In that case, his Honour considered the Tribunal had erred in not taking into account the possibility that certain events reported by the visa applicant had occurred, and the possibility that those events had occurred for a Convention reason. The Tribunal had fallen short of addressing those questions when it should have done so, having regard to its findings which, at their highest, recorded that it was not persuaded of the particular past events claimed.
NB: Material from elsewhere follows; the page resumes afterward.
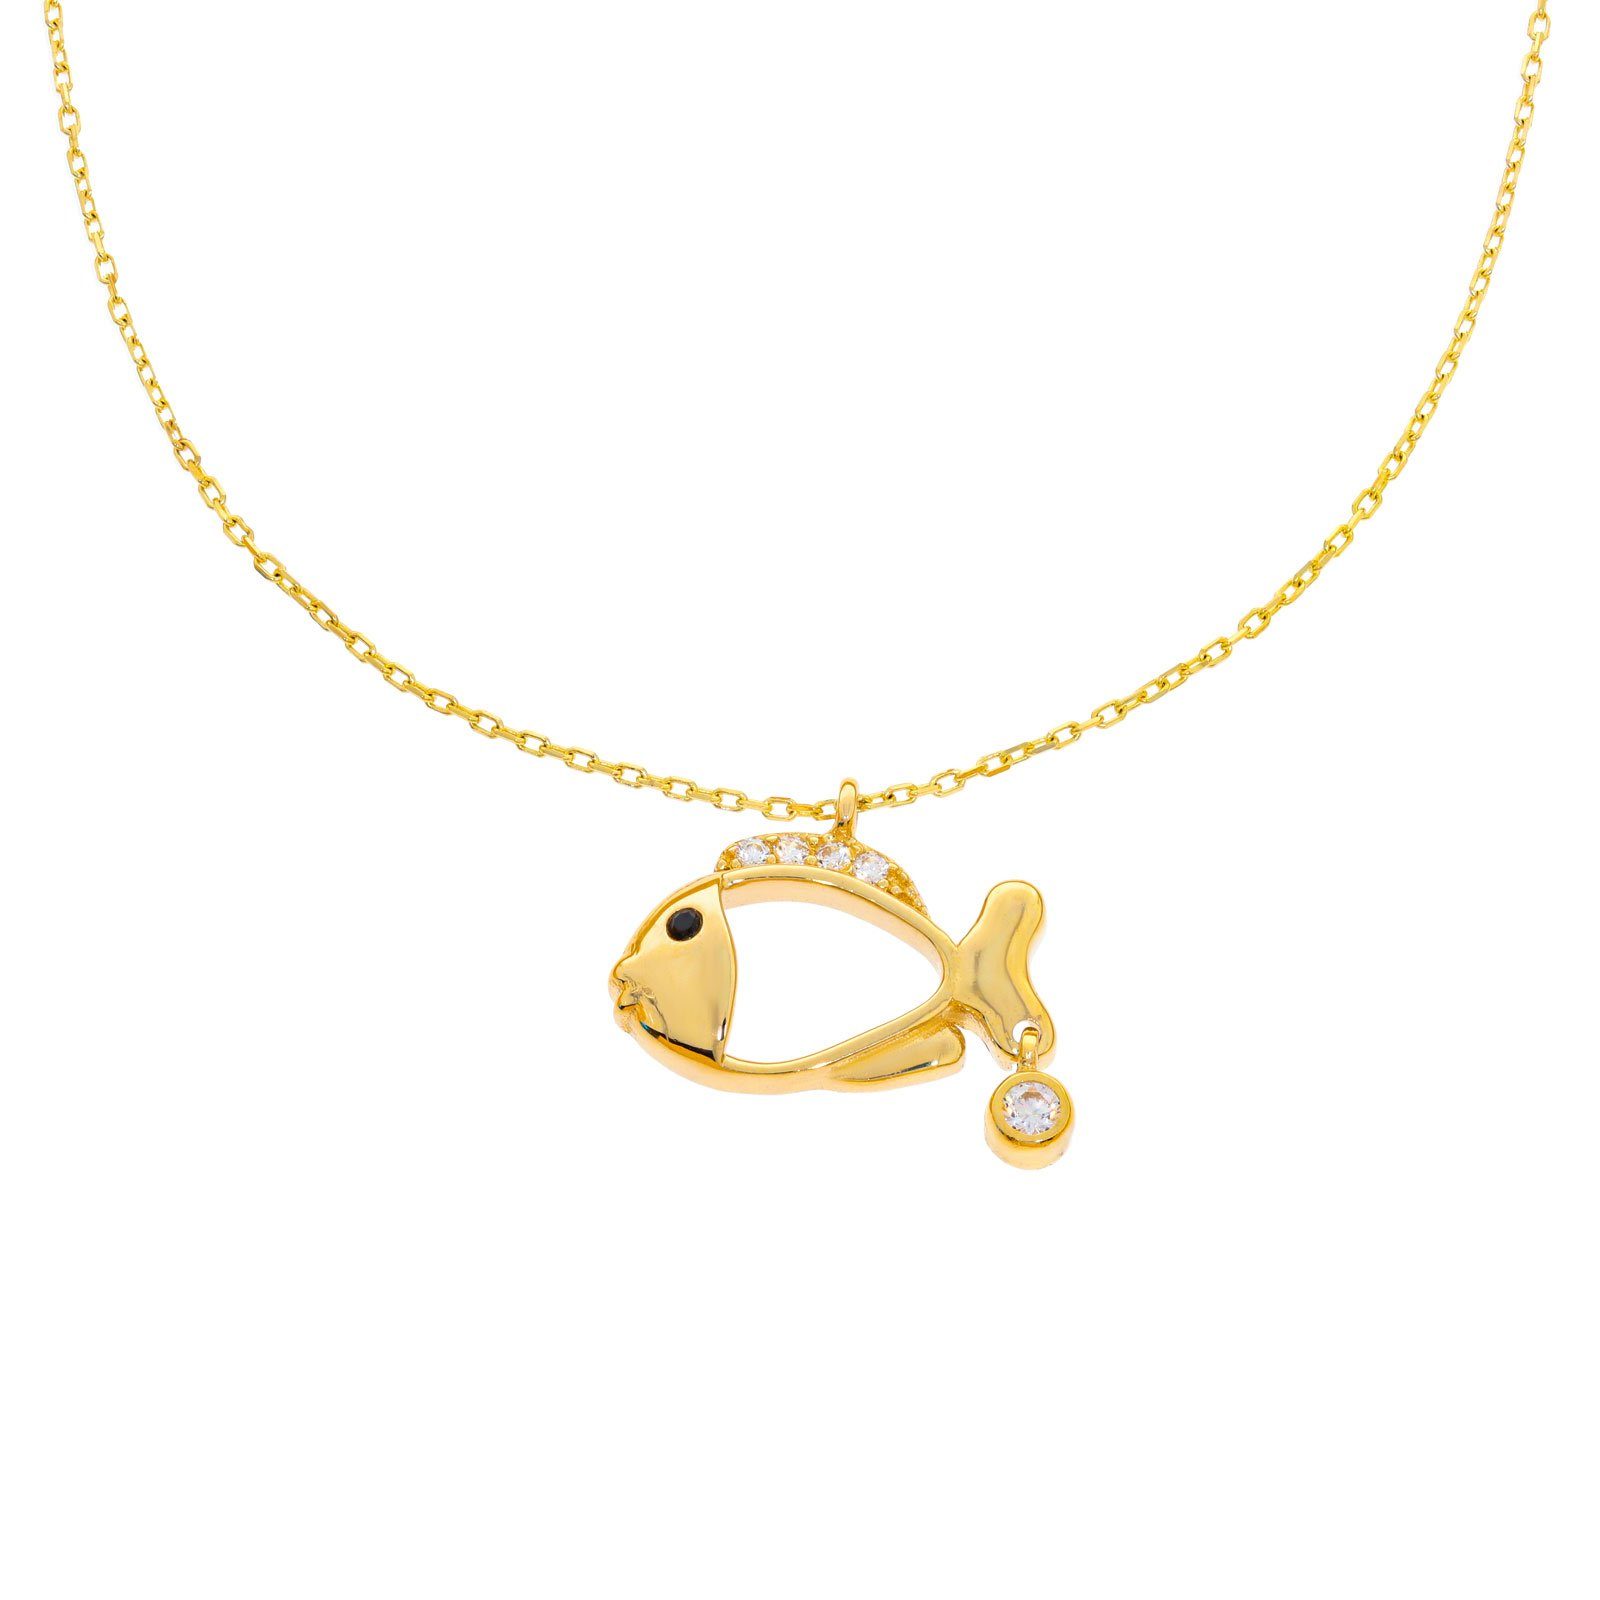 Stella-Jewellery Collier 585er Gold Kette mit Fisch Anhänger (inkl. Etui),  Collierkette mit Zirkonia motiv Tier
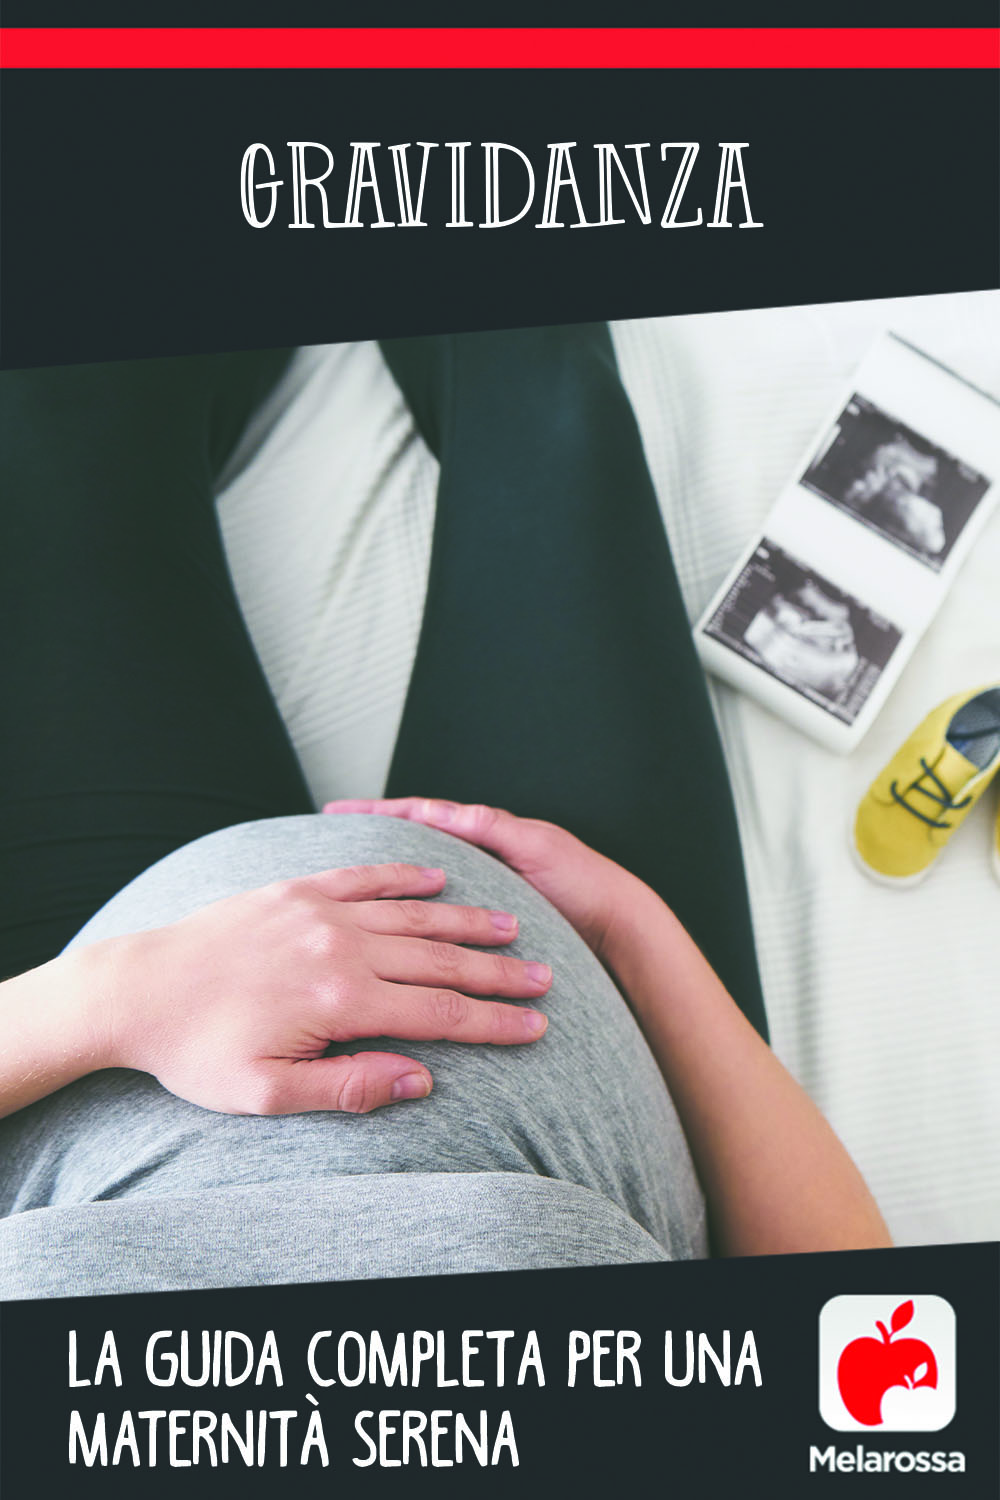 Gravidanza: la guida completa per una maternità serena

28 In this matter, the Tribunal did not accept as credible the applicant's claims that he had any involvement with the Mojahedin, despite his arrest in 1985, or that the authorities had sought to arrest him in November 2000. The significance of the arrest in 1985 was explained by the Tribunal by reference to facts identified by it. The claimed involvement with the Mojahedin was rejected in firm terms. They do not leave any room for a finding that the Tribunal was in any doubt. Its reasons for its conclusion are explained in some detail. The Tribunal's reasons for its rejection of the claimed attempt to arrest the applicant in November 2000 are given, including that the claim was "inherently unlikely" (an expression used by Lee J in W321/O1A at [30]) and the reasons explain that view. In my judgment, in the circumstances, the Tribunal was not bound to consider the possibility that its findings on those matters might be wrong. The Tribunal appears to have had no real doubt that its findings were correct: see e.g. Guo at 576.